===== Data
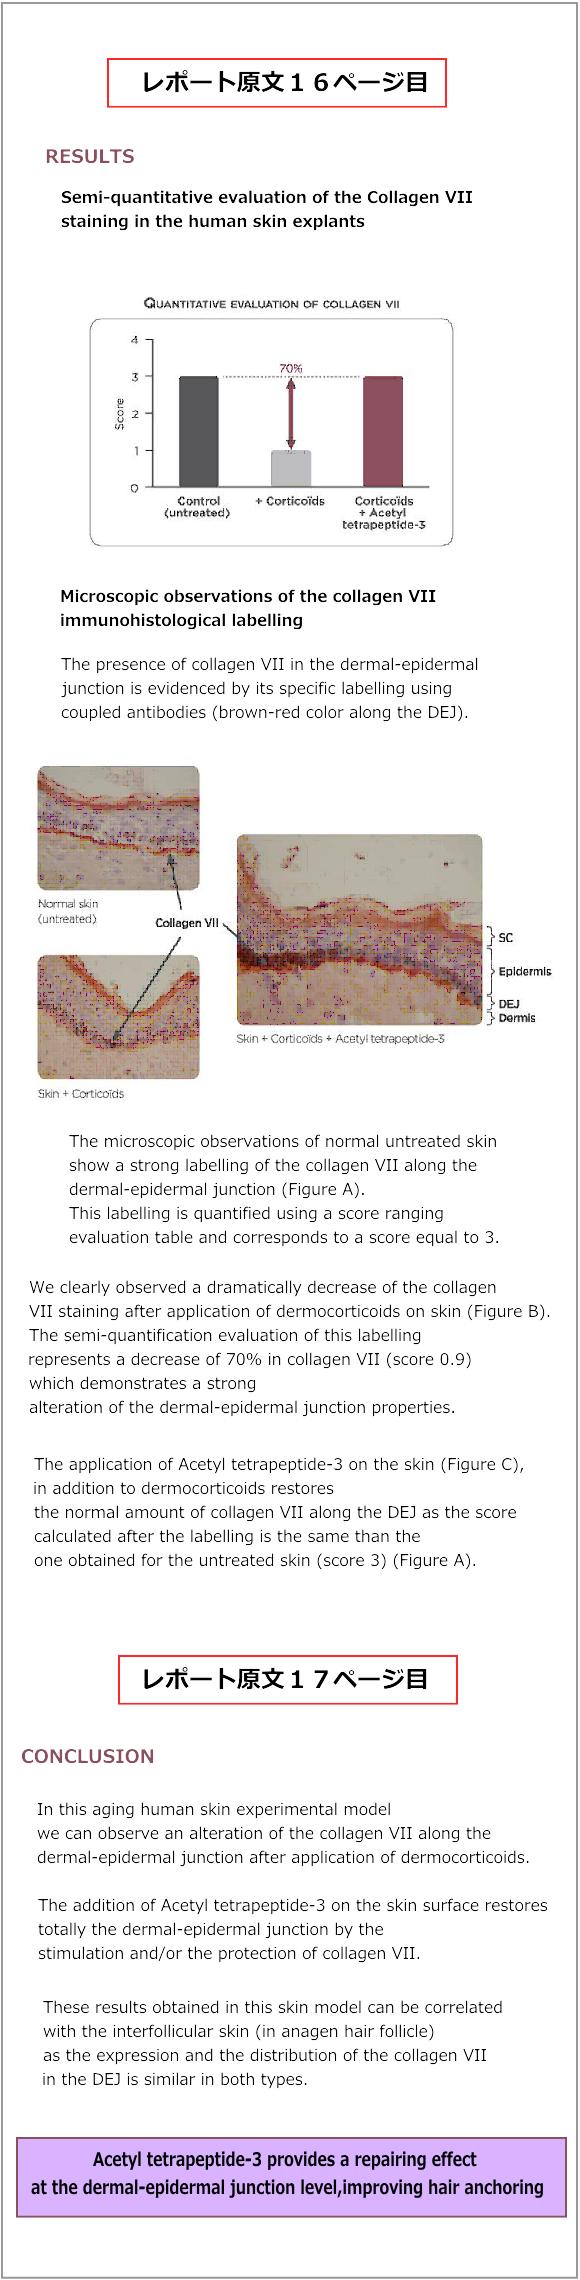 ルーカスマイヤー臨床レポート16,17ページ目
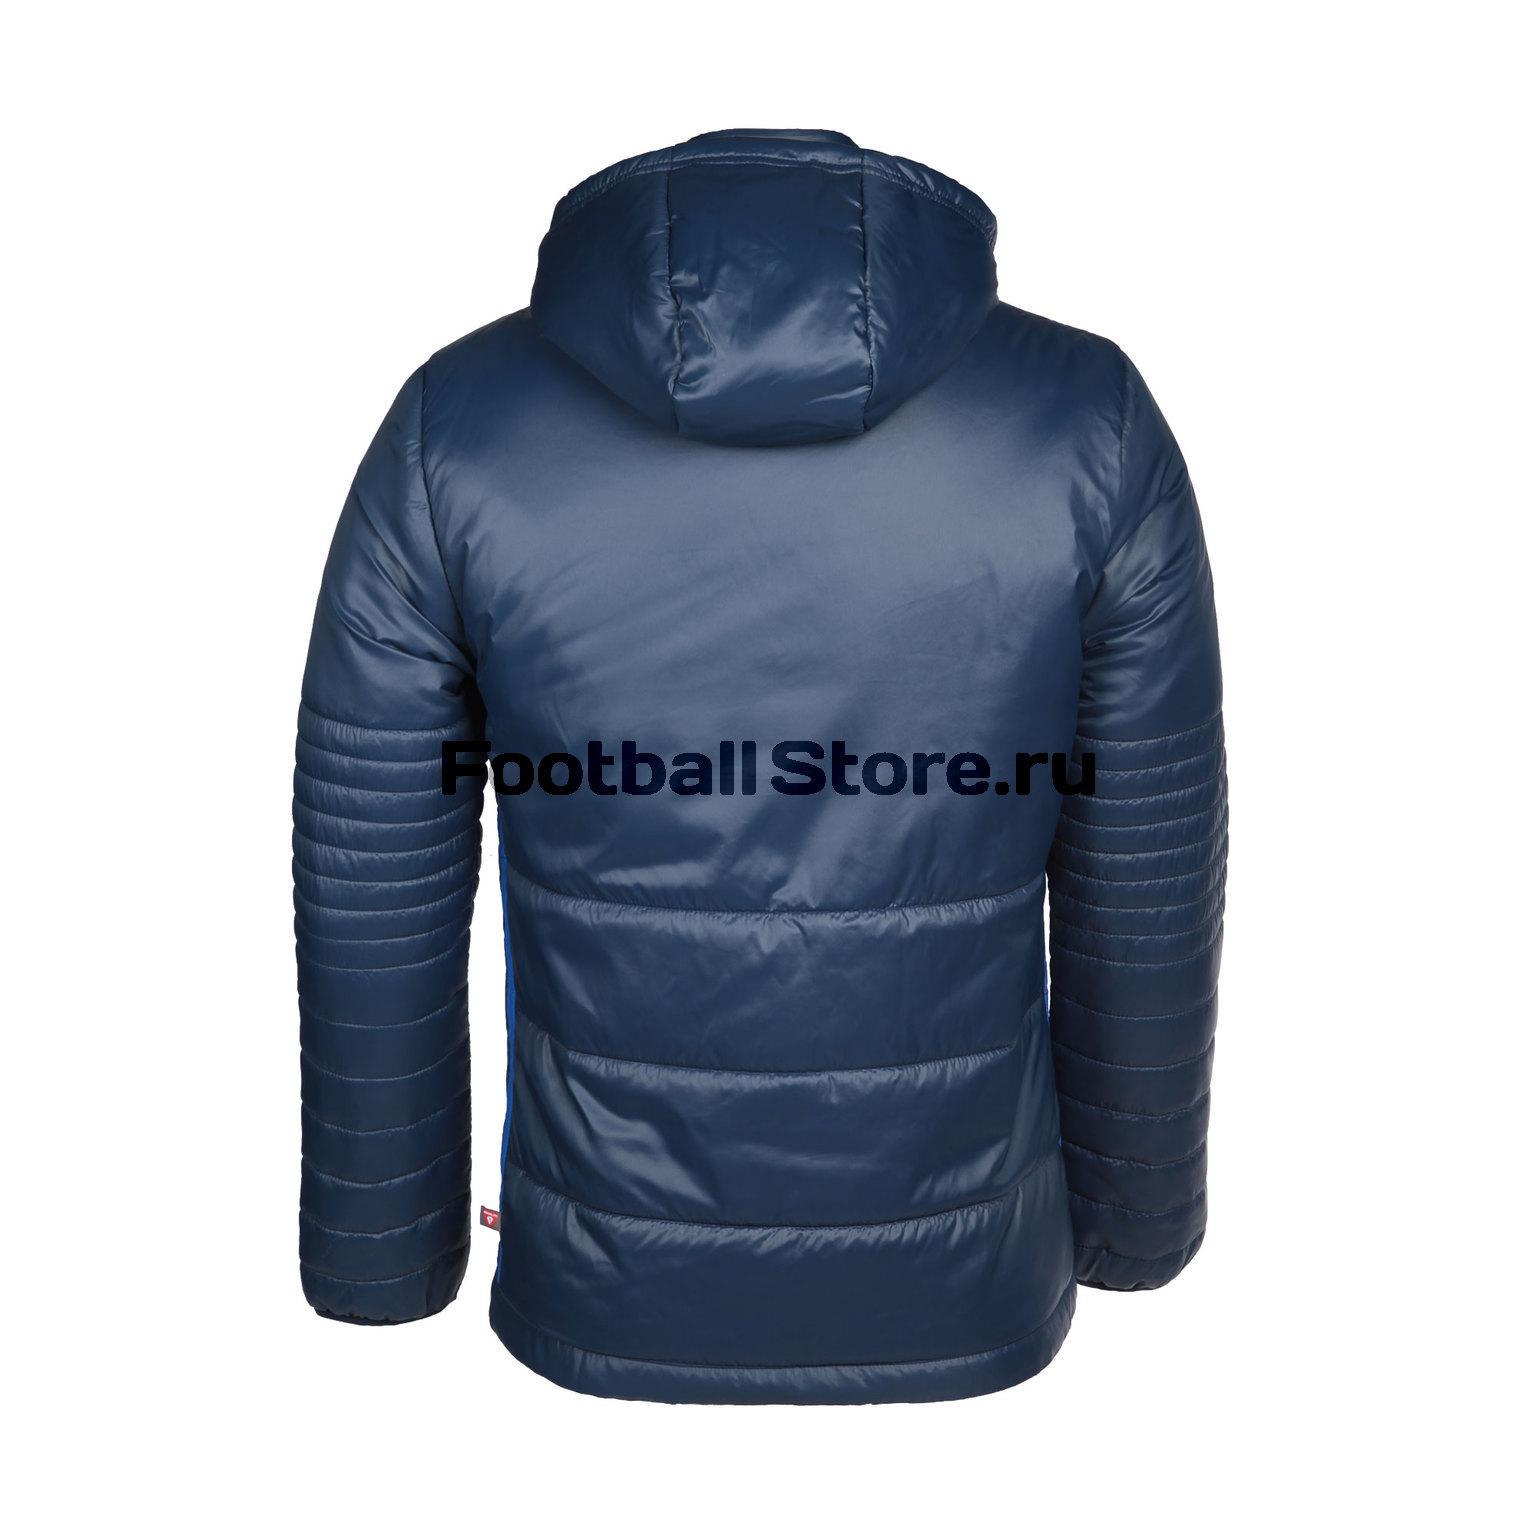 Куртки adidas зимние Самара
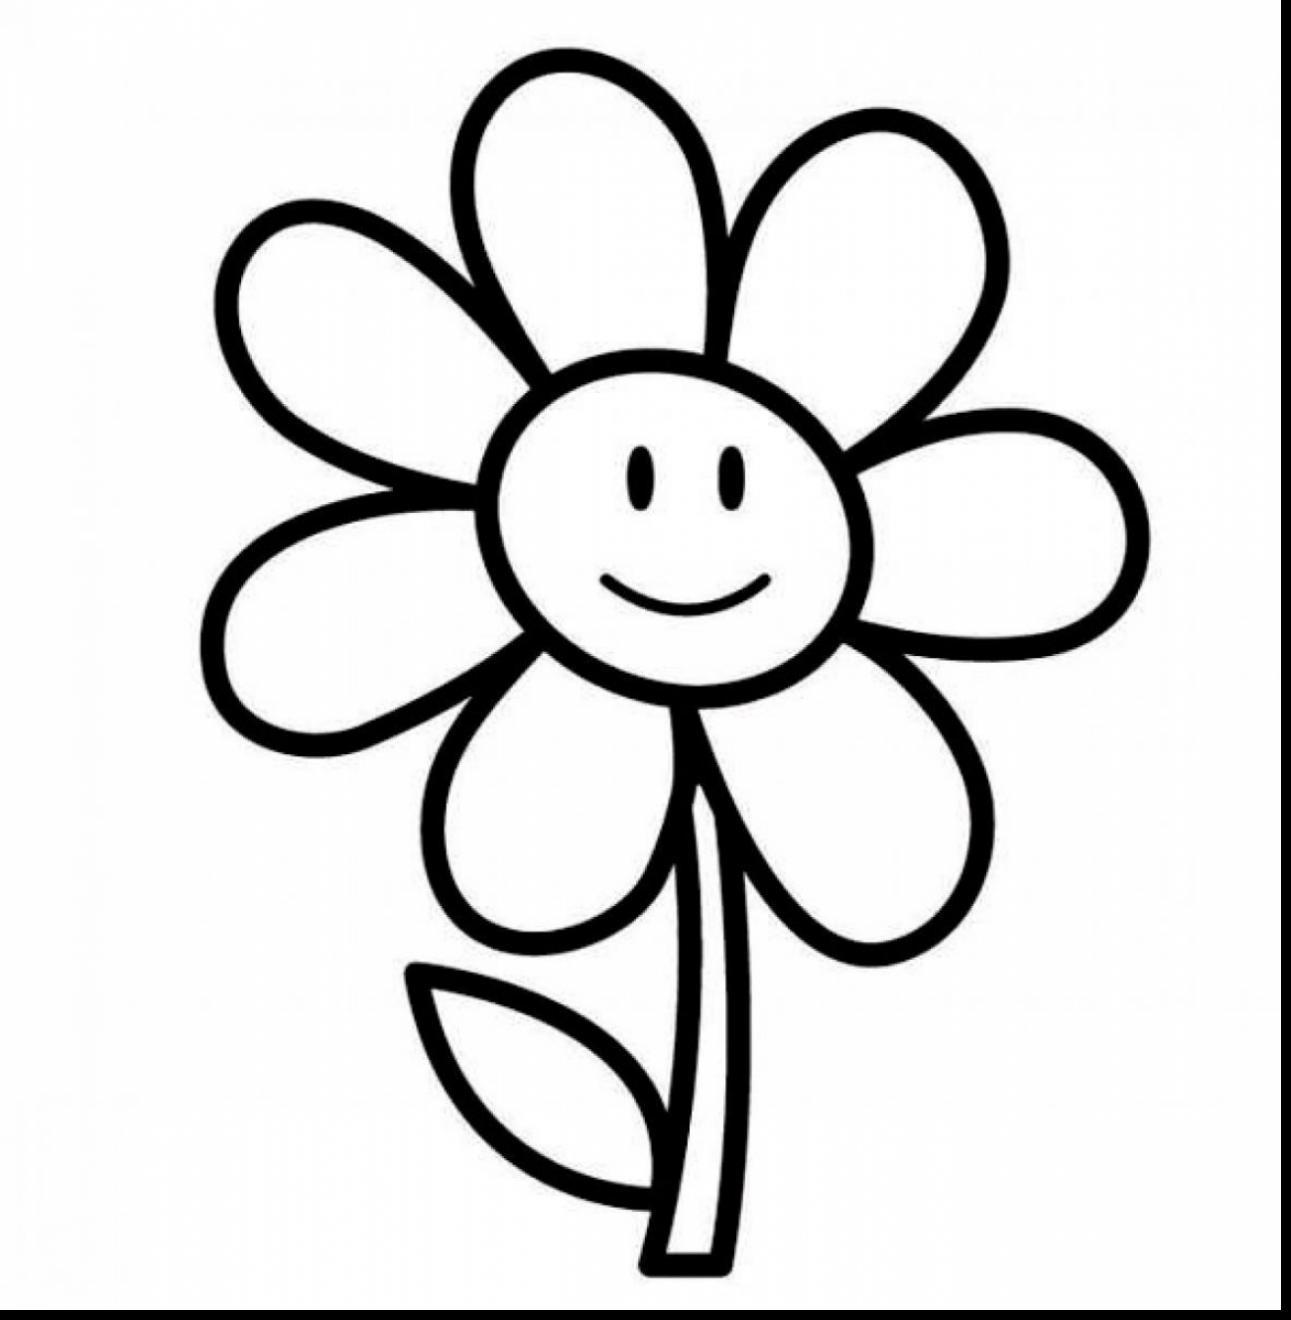 Snowflake Easy Drawing At Getdrawings
==========
Transcribe, without alteration, each line from the one with "Куртки adidas зимние Самара" through the last line of the data; no pictures belong in the copy.

Result of this task »
 Куртки adidas зимние Самара
 Snowflake Easy Drawing At Getdrawings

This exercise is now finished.